> RECORDED DATA
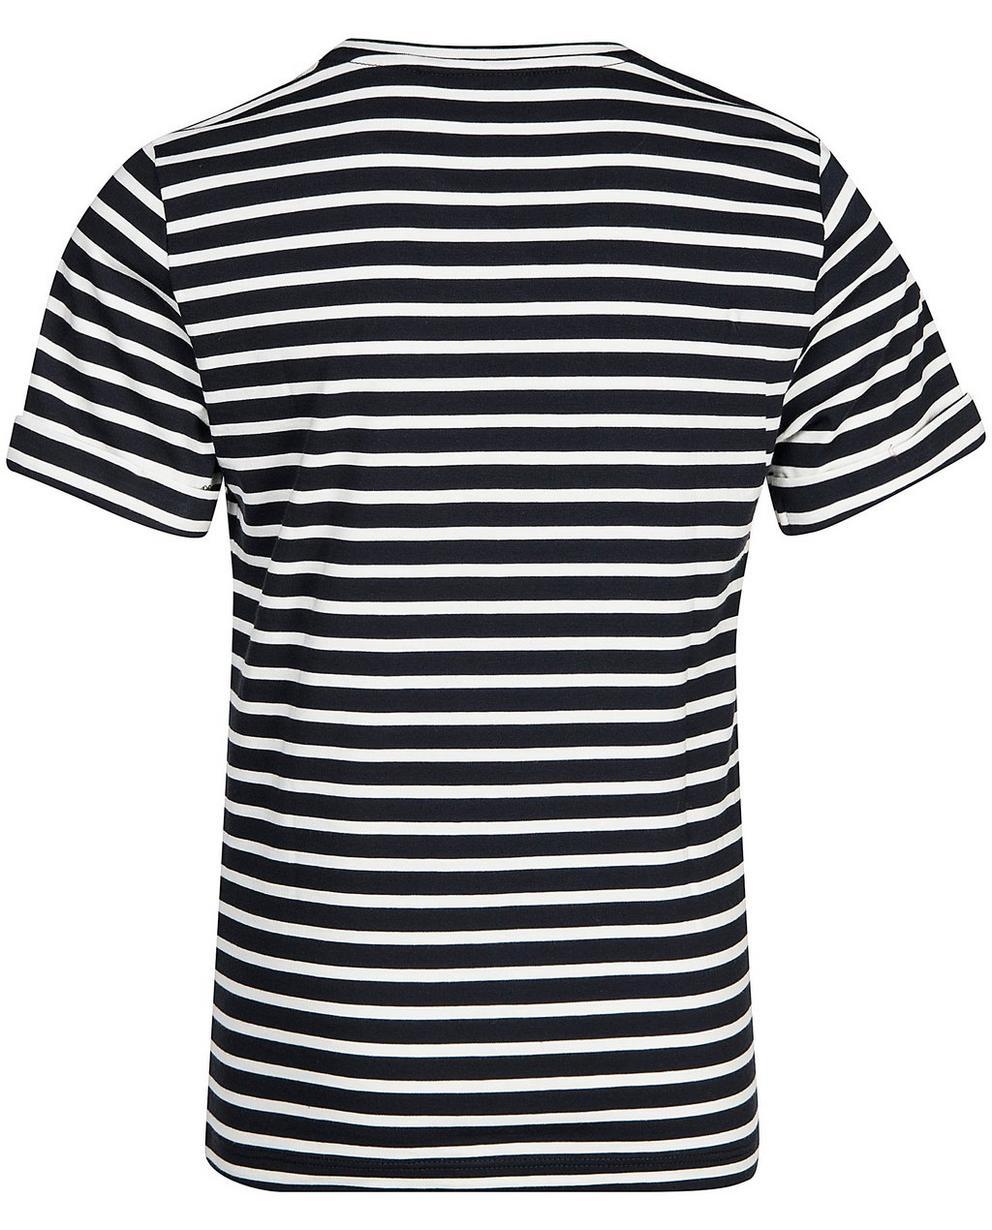 T-Shirts - AO2 - Gestreiftes T-Shirt mit Print
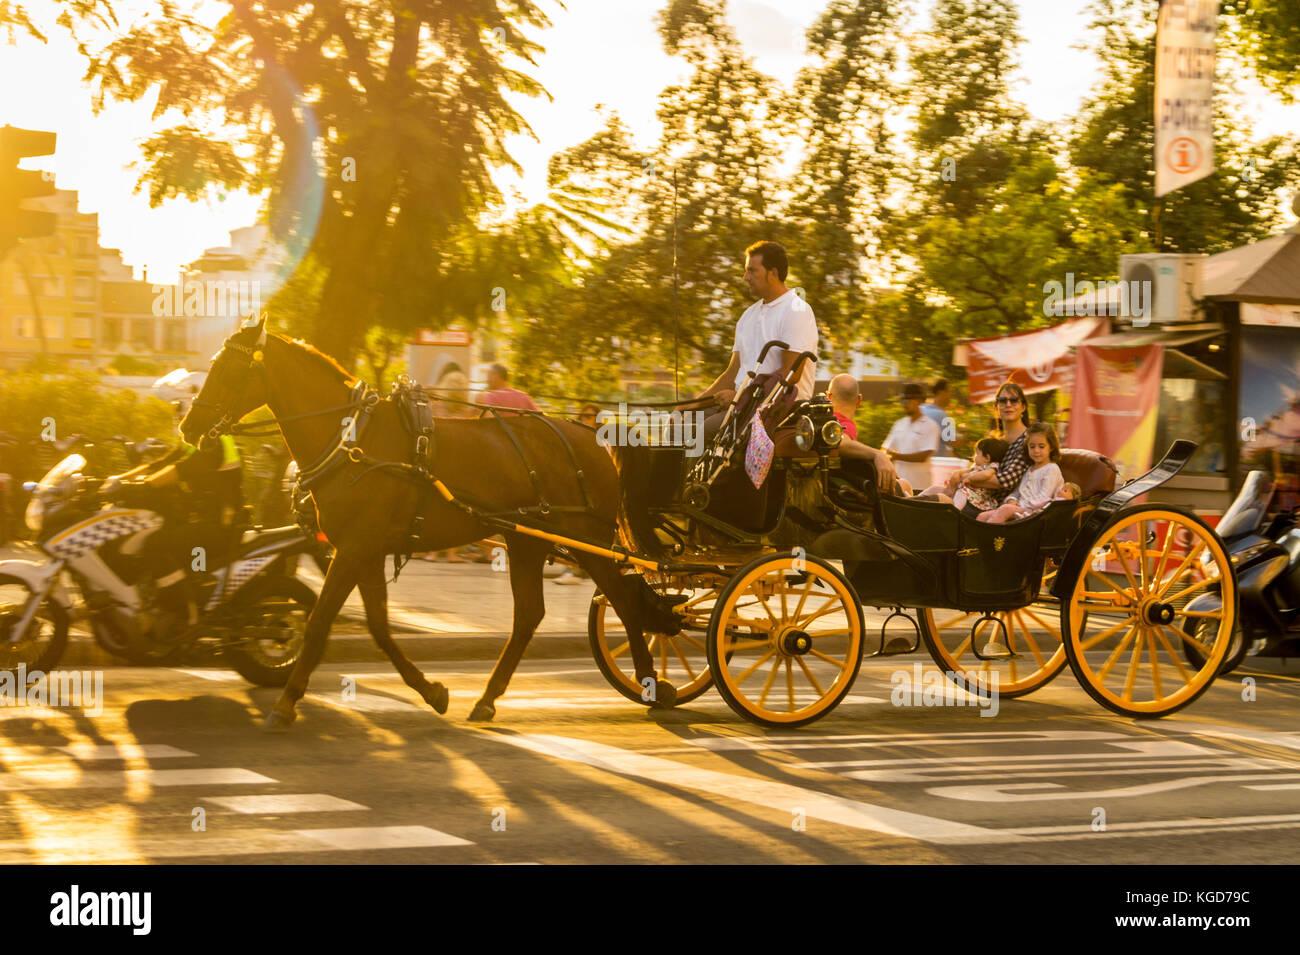 horse-drawn-landau-carriage-with-a-smili
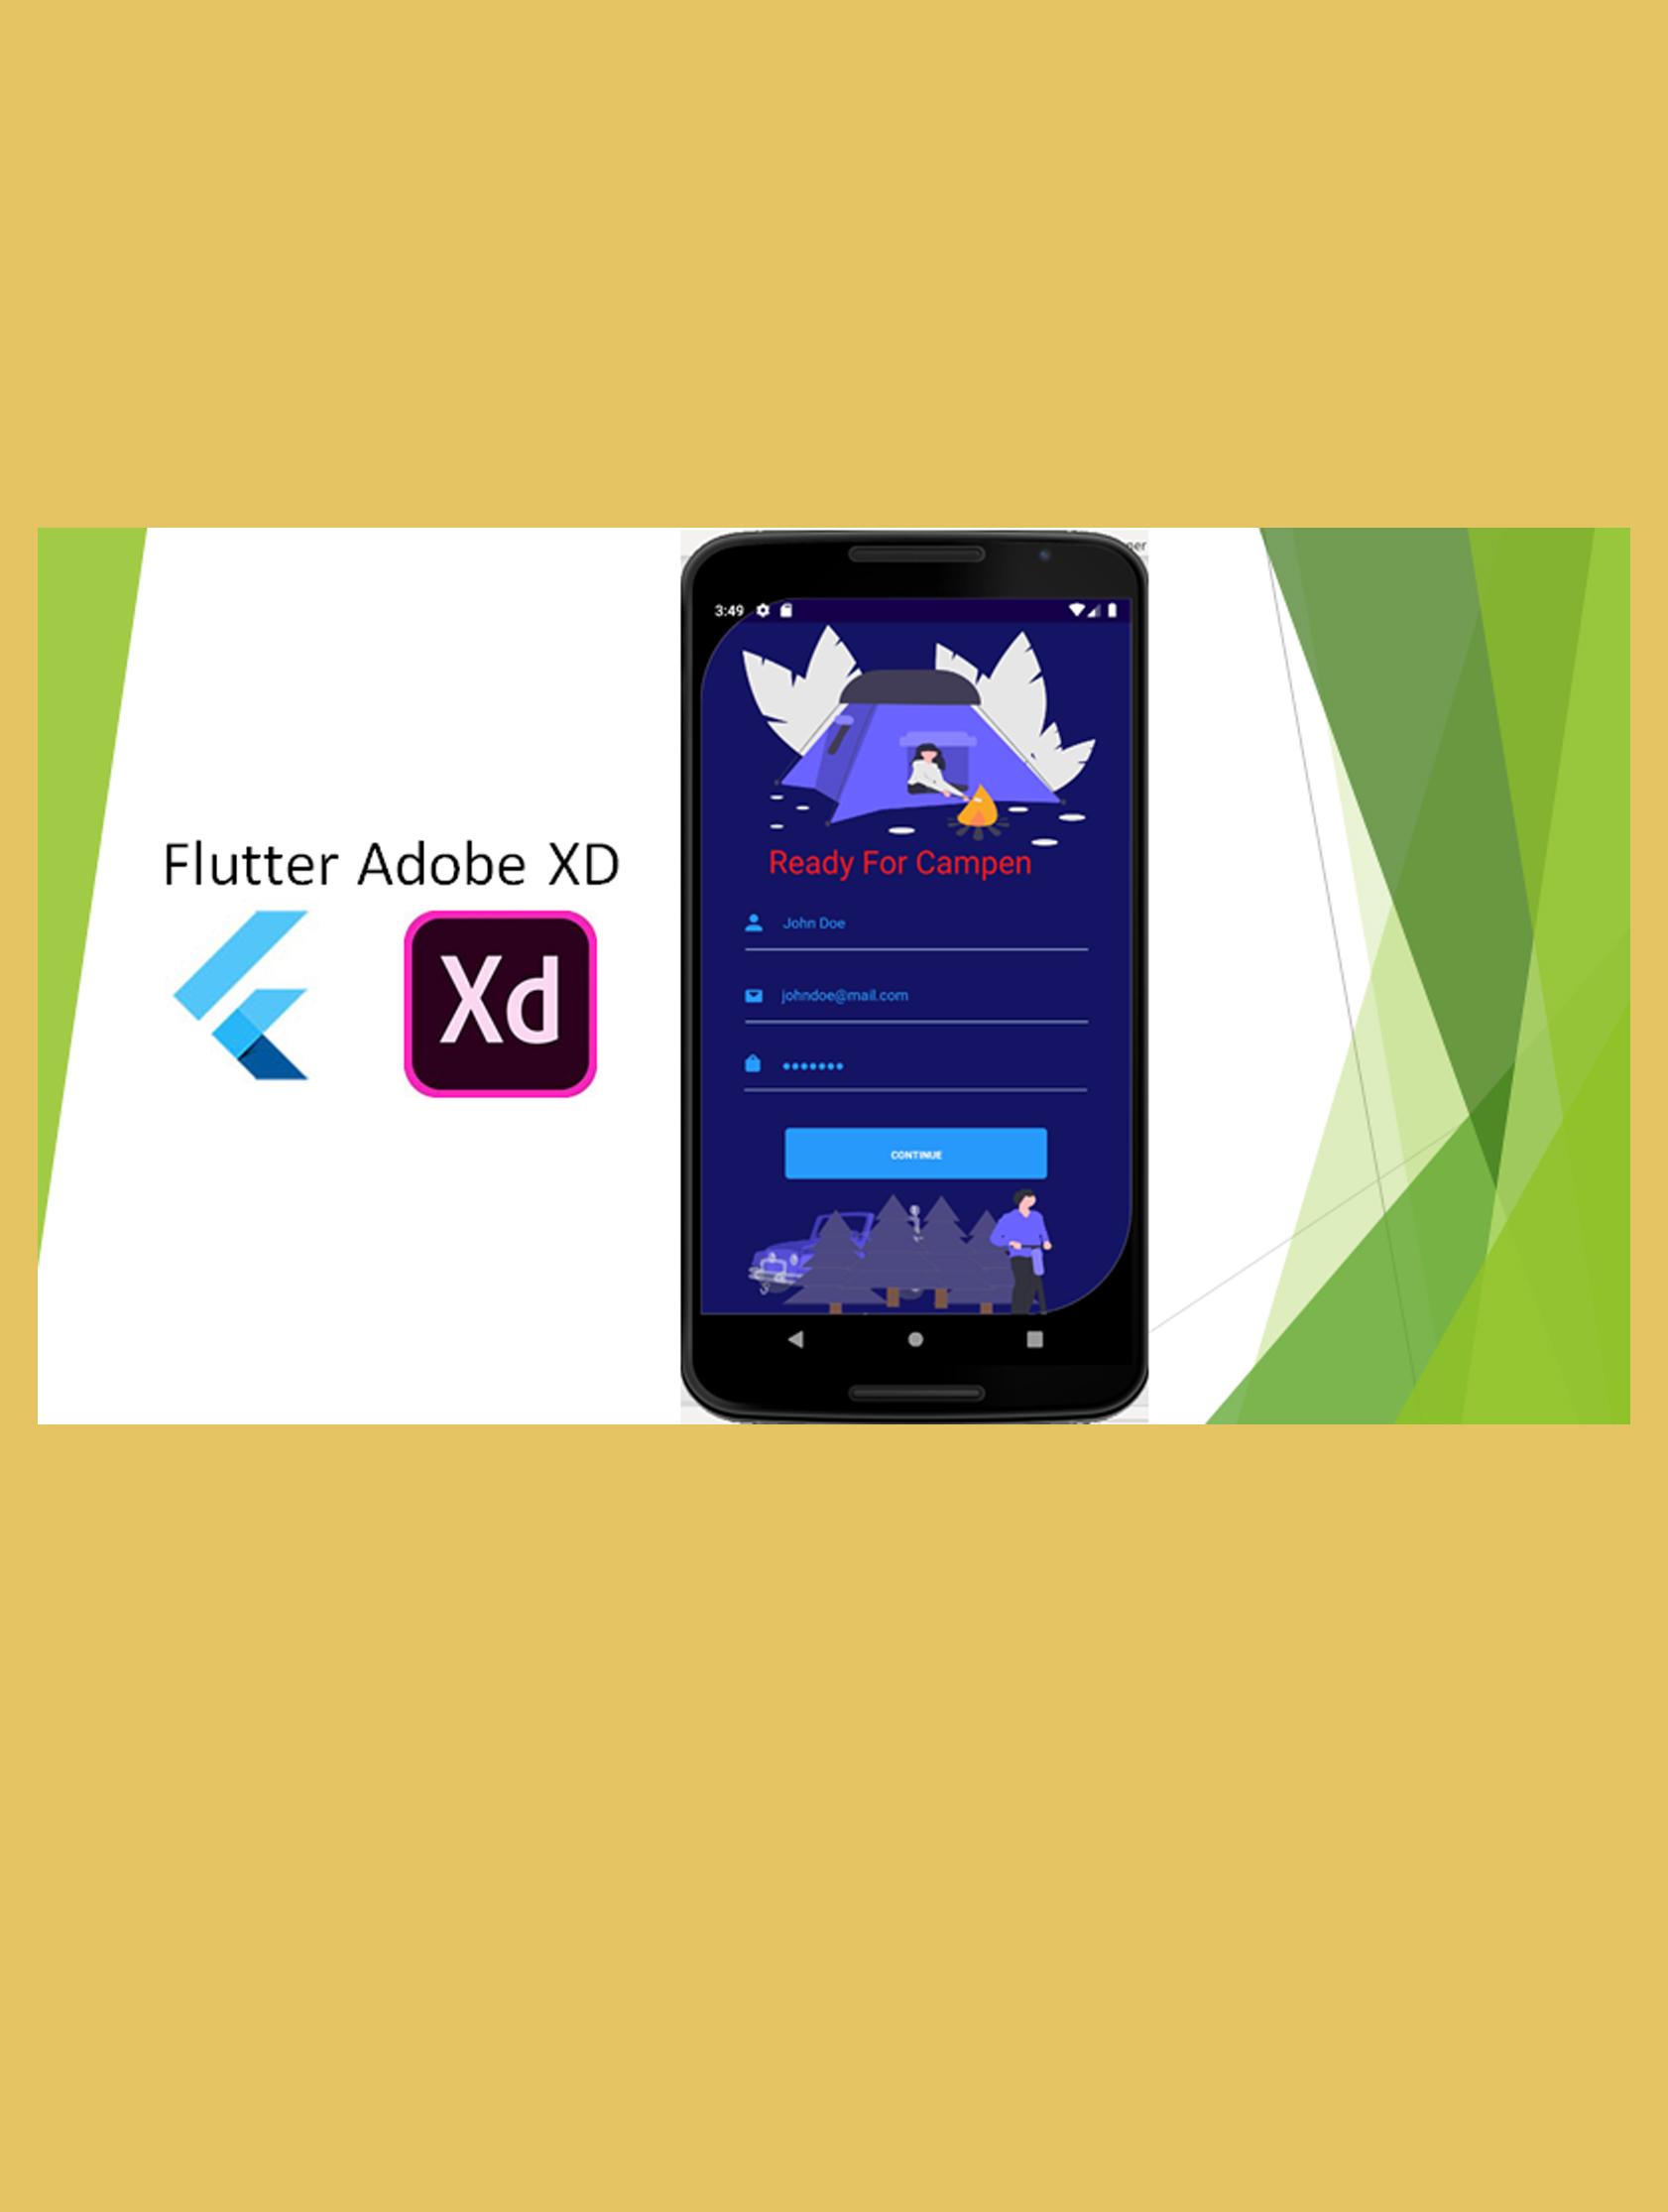 xd_app

> EXERCISE OBJECTIVE
The copy must match the listing above exactly but contain no pictures.

> TASK RESPONSE
 T-Shirts - AO2 - Gestreiftes T-Shirt mit Print
 horse-drawn-landau-carriage-with-a-smili
 xd_app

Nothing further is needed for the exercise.